By Carole Sloan -- Home Textiles Today, 8/15/2005 12:00:00 AM
No matter what one's personal feelings are about markets, the August Mini-Market in New York certainly brought out a lot of new product.
And now that the Las Vegas event has had its debut with a minimal home textiles presence, it's clear that the Vegas moguls have not ignored the potential that this home textiles business offers them. From what we are hearing, stay tuned for the next installment scheduled for January 2006.

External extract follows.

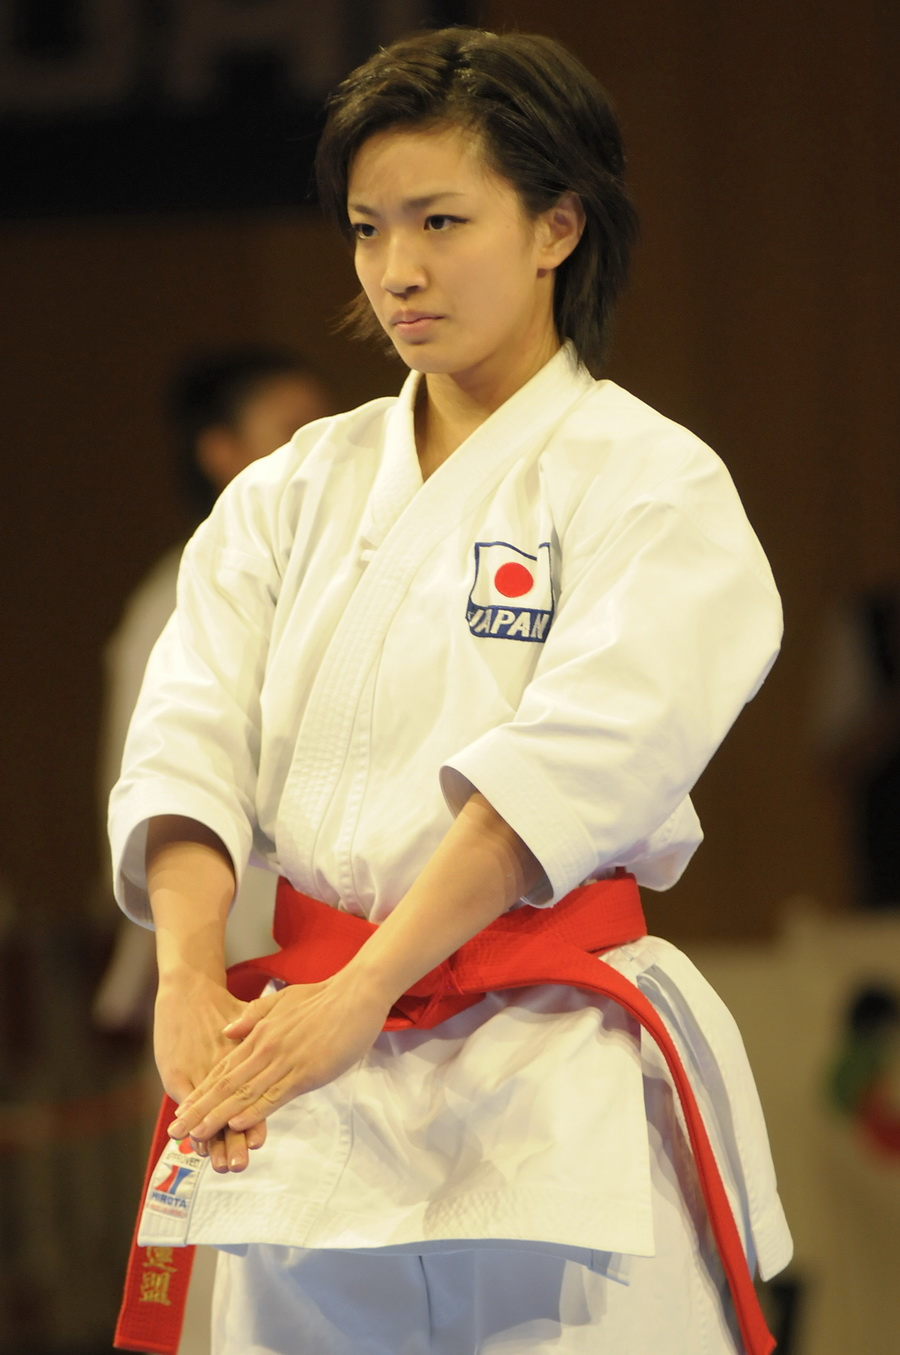 Black Light Wallpaper The Karate Kid Blog Rika Usami Reigning World Champion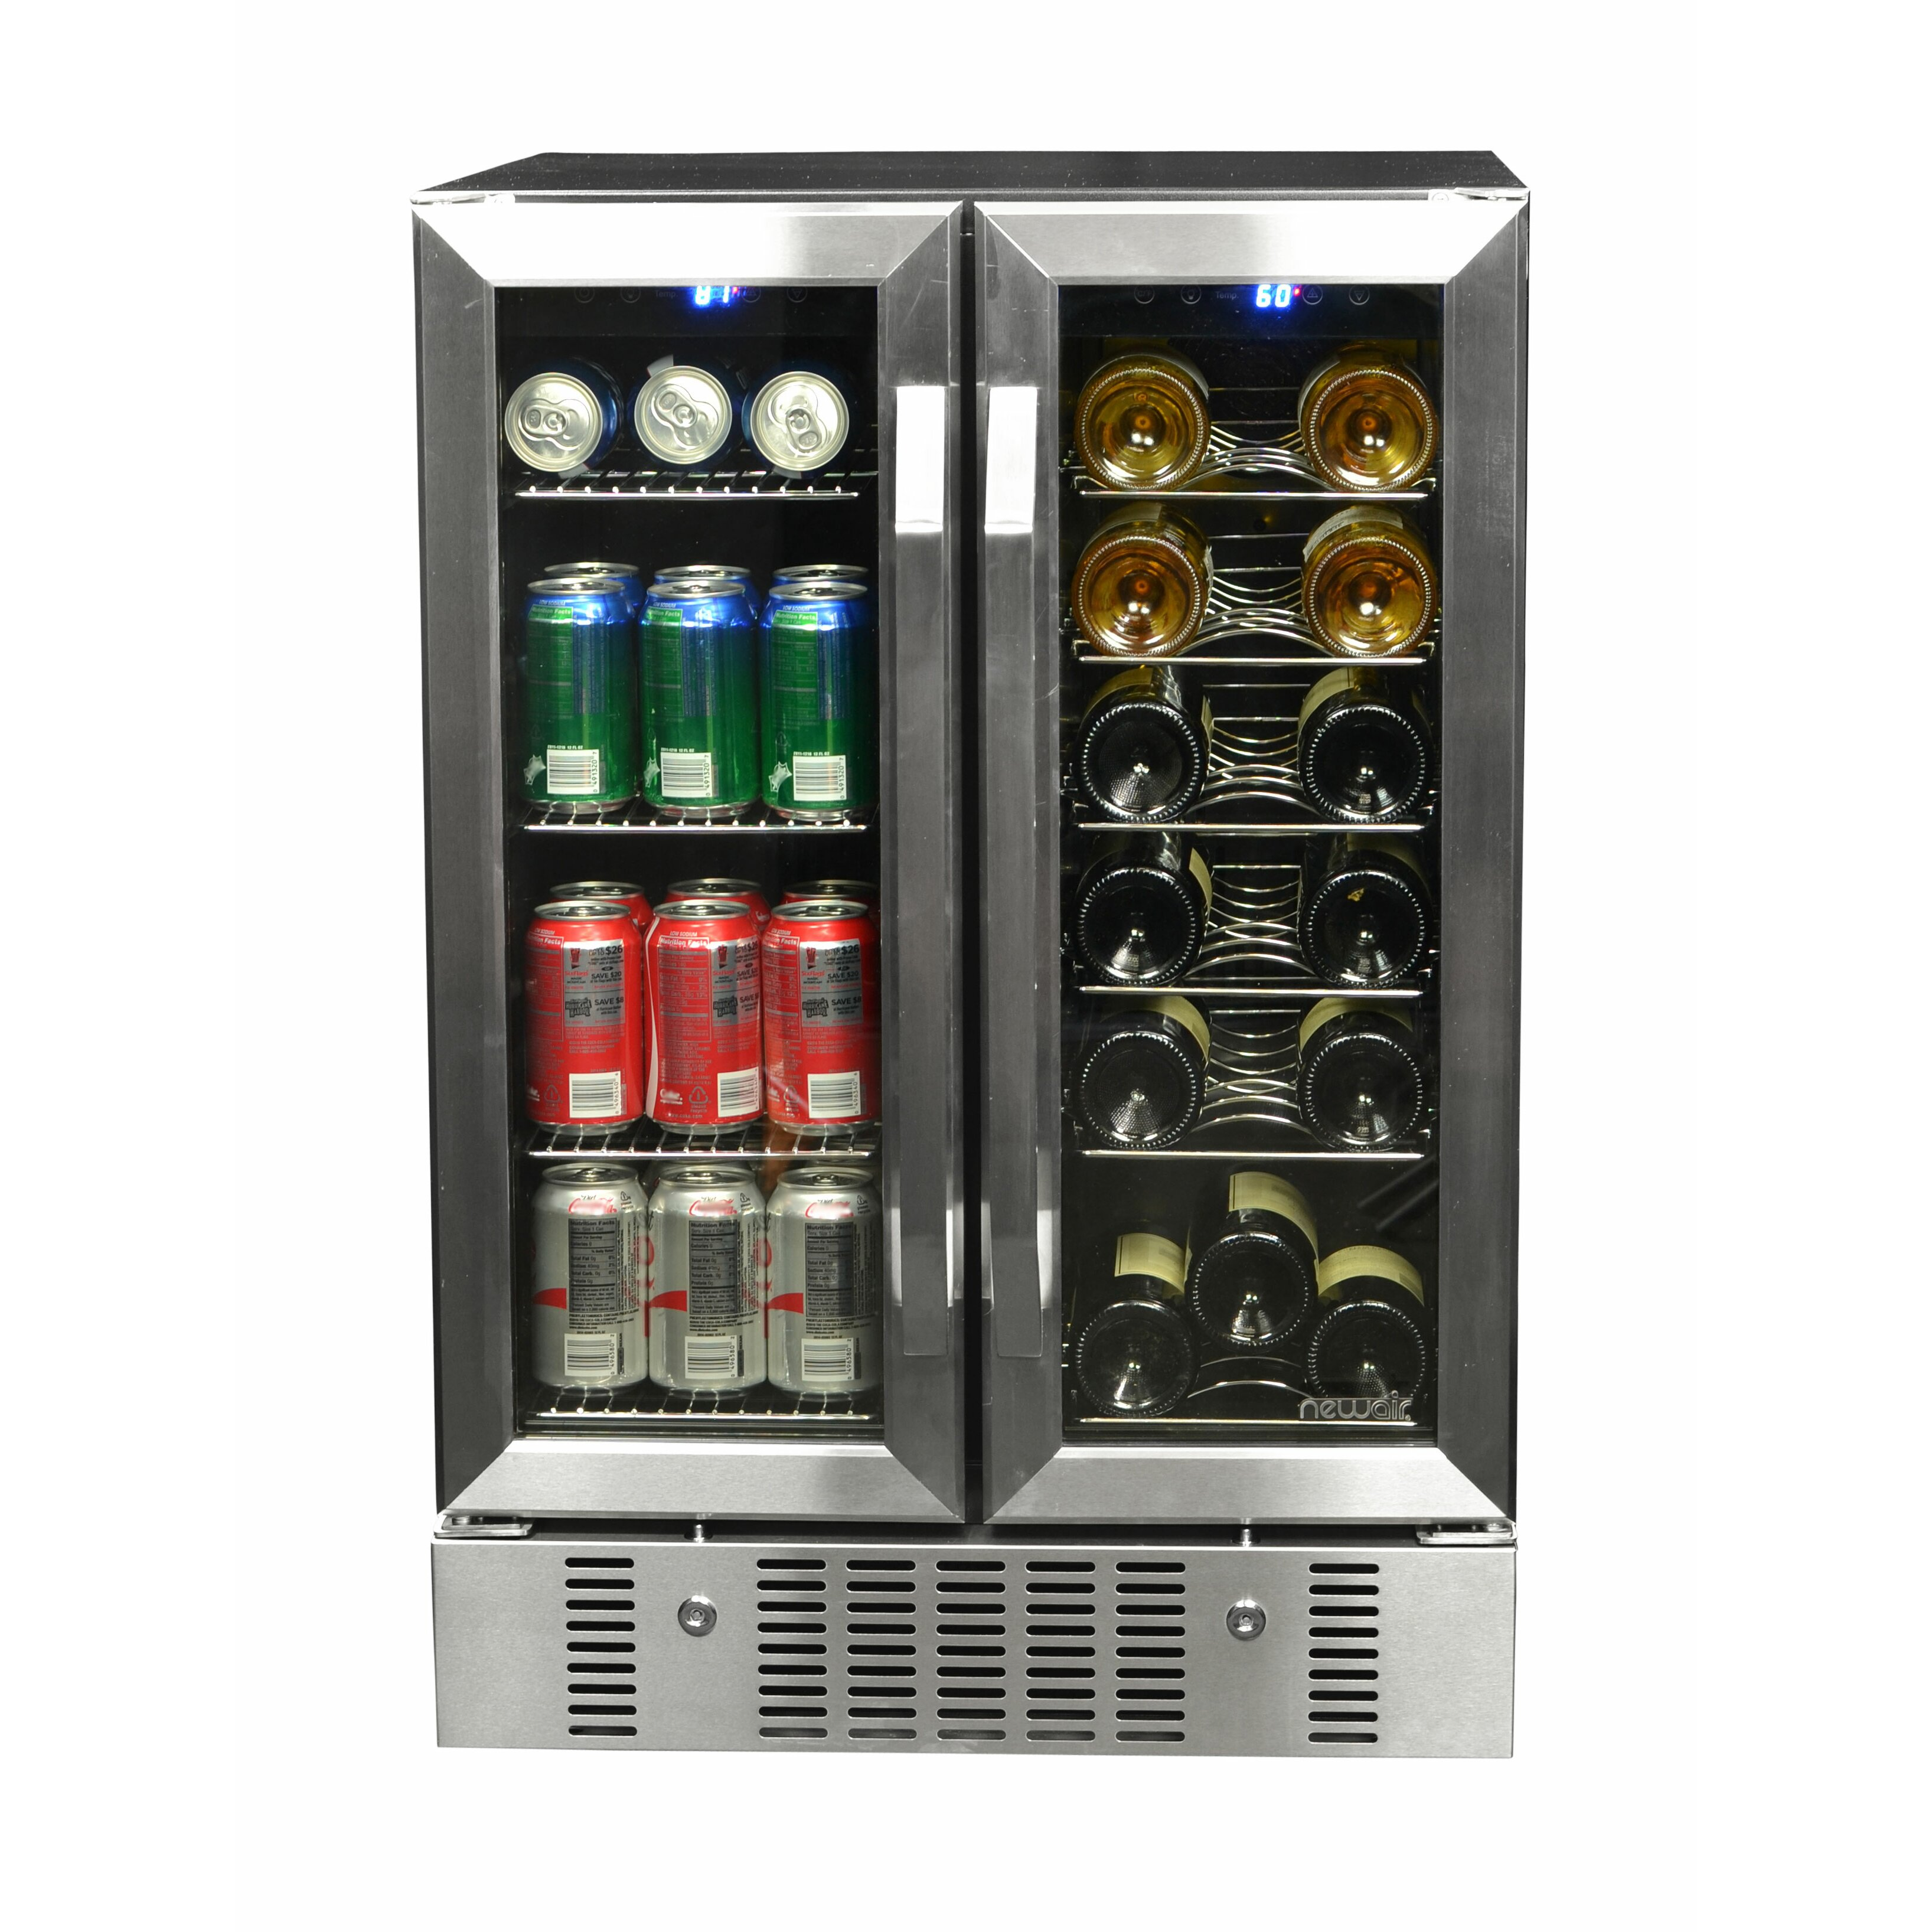 Newair 18 Bottle Dual Zone Built In Wine Refrigerator

And just this week, there is a new building — 7 West under the aegis of Merchandise Mart Properties — that will be holding court concurrent with the Goliath of gift shows at the Javits run by George Little Management. At both venues, there will be a home textiles presence — not necessarily with mainstream product for the likes of a Kohl's or Bed Bath & Beyond, but with product for a more specialized retailer audience and their customers. In fact, in both places, one might have to scour the aisles and floors to find some of the lines — but they will be there.
And then, there are the offshore market events, primarily those in Europe that specialize in the stuff that never saw the inside of a container-sized shipment of one-size-fits-all mentality.
Part of the interesting elements involving product introductions that emerged in a small way two weeks ago was that more suppliers were offering choices — in color, in pattern combinations, in trims. This was de rigeur a lifetime ago in home textiles when virtually every bed or window was subject to a reasonable amount of customization for a retailer.
Somehow one gets the feeling that there are some out there — on the supplier and retailer side — that understand not everyone wants the same thing. Trends are great and should be watched, but for every supplier and retailer to follow a trend without understanding the customers, the marketing and the significance of differentiation, is certain to fall into the trap of how low is low?
Even the big guys are identifying avenues of product differentiation that will give them special opportunities even though they might not take up containers per item.
It seems worth the try as this market heads further into a downward pricing spiral.